Sejauh ini, jumlah kasus virus corona yang dikonfirmasi di kalangan pengungsi rendah, tetapi itu mungkin akibat dari kurangnya pengujian. Alat uji sangat terbatas, dan pengungsi jarang menjadi prioritas. Dokter yang merawat pengungsi di Suriah dan Bangladesh mengatakan bahwa dalam beberapa minggu terakhir mereka telah merawat dan kehilangan pasien dengan gejala yang konsisten dengan virus.
“Membeda-bedakan bahwa itu populasi bukan pengungsi dan ini pengungsi adalah teramat naif,” kata Coutts.
Jika virus datang, kamp-kamp tersebut sedikit pun tidak diperlengkapi peralatan untuk menanganinya.
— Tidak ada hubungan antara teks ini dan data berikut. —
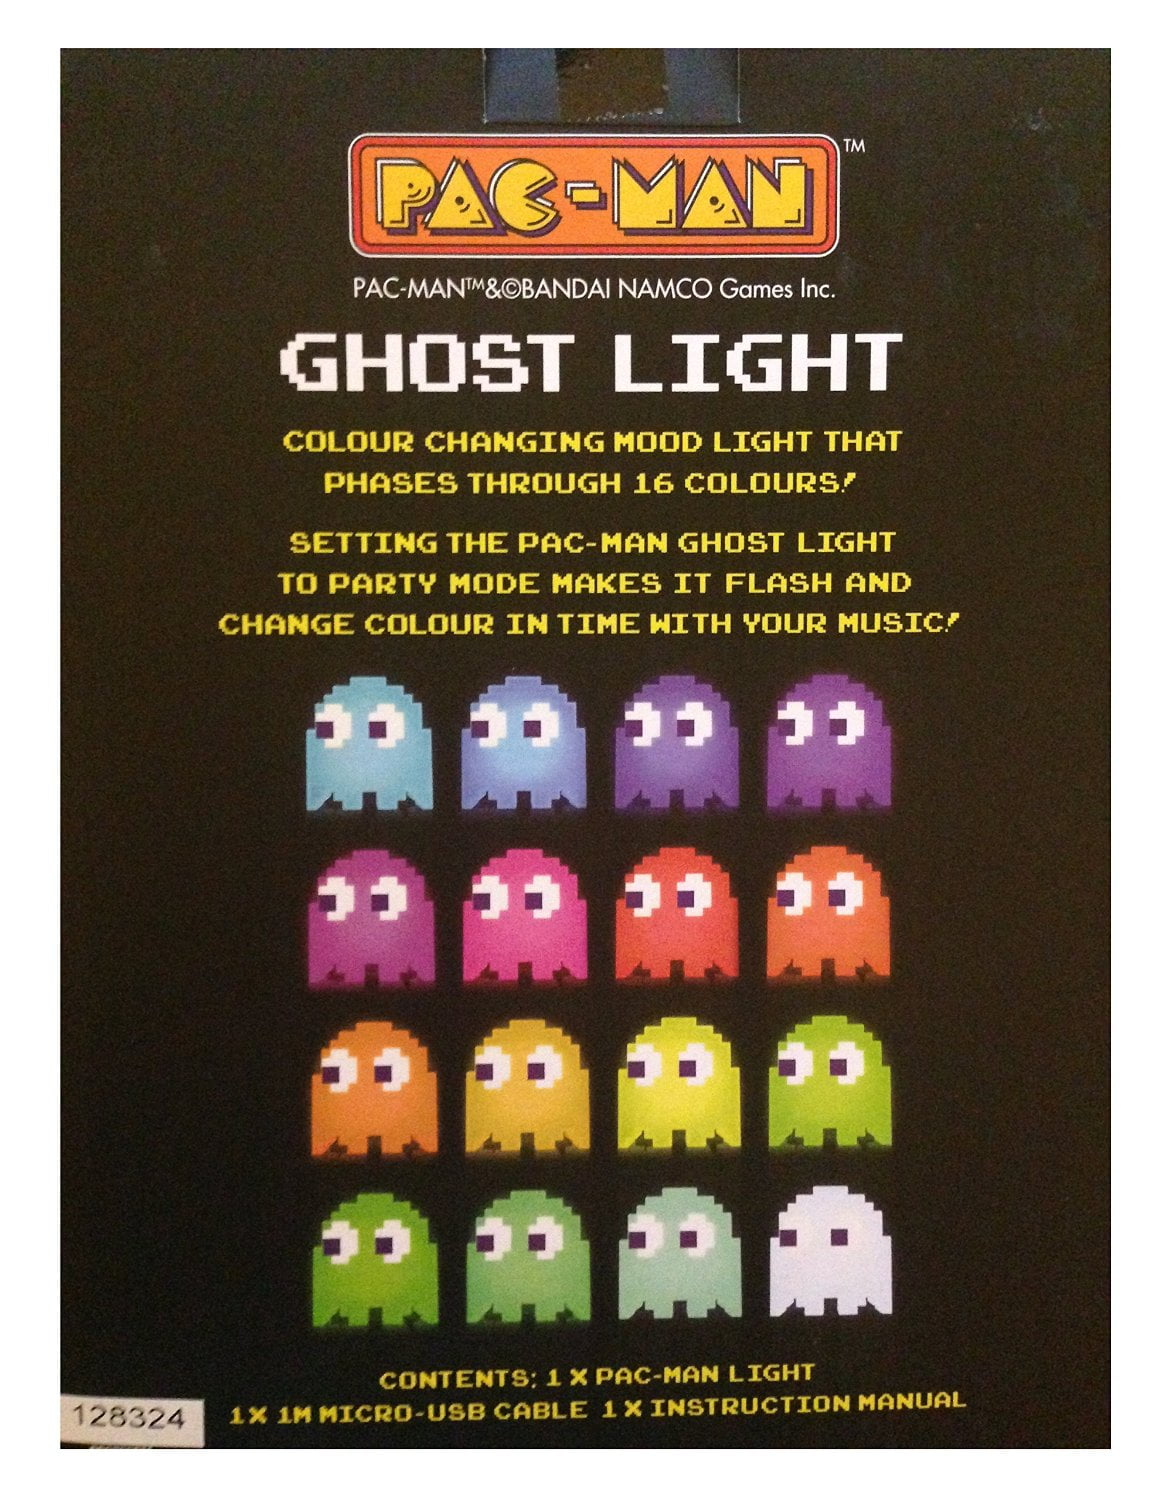 Novelty Pac-Man GHOST Lamp

Banyak klinik kamp sudah berjuang untuk melawan wabah, seperti demam berdarah dan kolera, meninggalkan mereka tanpa sumber daya untuk mengobati kondisi kronis, seperti diabetes atau penyakit jantung. Coronavirus, yang vaksinnya belum ada, atau rejimen pengobatan yang disepakati untuk Covid-19–penyakit pernapasan yang disebabkannya, di kamp-kamp bahkan bisa lebih dahsyat.
“Kami sedang mempersiapkan yang terburuk,” kata Avril Benoit, direktur eksekutif Doctors Without Borders di Amerika Serikat, yang telah mengerahkan tim untuk bekerja dengan para pengungsi di seluruh dunia. “Kami tahu bahwa di tempat-tempat kami bekerja, kami sangat-sangat kekurangan peralatan dan manusia.”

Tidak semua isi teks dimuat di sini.